Elle travaille en ce moment sur Massacre en jaune, le seizième volume de sa série consacrée au Massacreur, un tueur en série qui se débrouille toujours pour faire accuser de ses crimes le détective qui le traque. Ce n’est pas grâce à son succès qu’ils ont pu se payer cette maison – le salaire que la NOAA verse à Di y a amplement suffi –, mais ils lui doivent néanmoins leurs boiseries et leurs chambres à coucher surdimensionnées.

— Oh, lui et son petit chou du moment s’inquiètent de la décision de Rivera à propos des missiles sibériens. Ils n’ont pas tort de s’inquiéter, bien sûr, mais comme le petit chou en question est du genre militant, ils s’en inquiètent plus que la moyenne de leur tranche d’âge.

— Ce n’est pas le petit chou idéal, alors, dit Lori en souriant. Heureusement que tout ce que tu demandais à ton petit chou, c’était un corps de déesse et un esprit pervers.

— Ouais. J’espère au moins que, si le petit chou fait cette tronche de coincée, c’est parce que c’est une Profonde, pas parce qu’elle a l’ARTS.

— Esprit pervers, répète Nahum, qui ajoute : Elle a l’ARTS.

— Oups, fait Lori.
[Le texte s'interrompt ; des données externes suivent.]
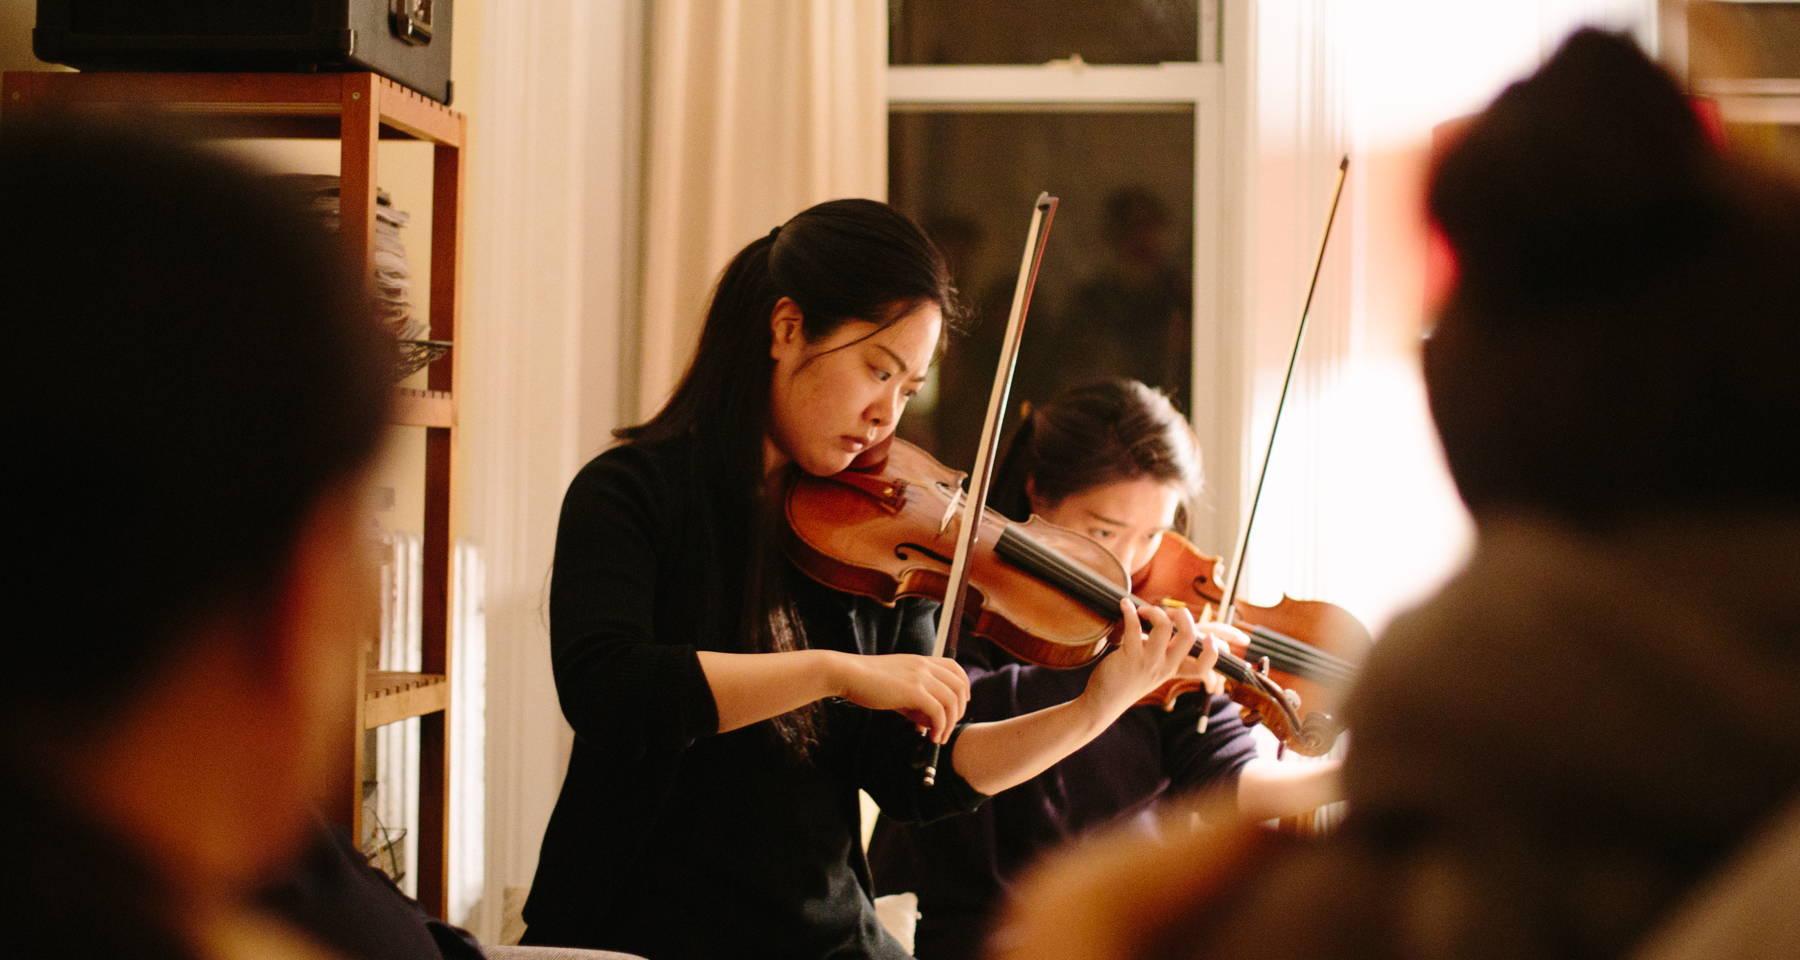 Violin/piano duo livestream from Louisville!

Espérons qu’il aura oublié ces mots quand maman viendra nous voir.

Di lui lance une œillade, elle lui répond par un sourire, et il se dit soudain que les gosses ne tarderont pas à se pieuter, que Lori arrêtera de bosser vers une heure et demie, au moment où les poussins dormiront à poings fermés, et qu’il serait sympa de se glisser entre les draps avec un adulte, pour une fois.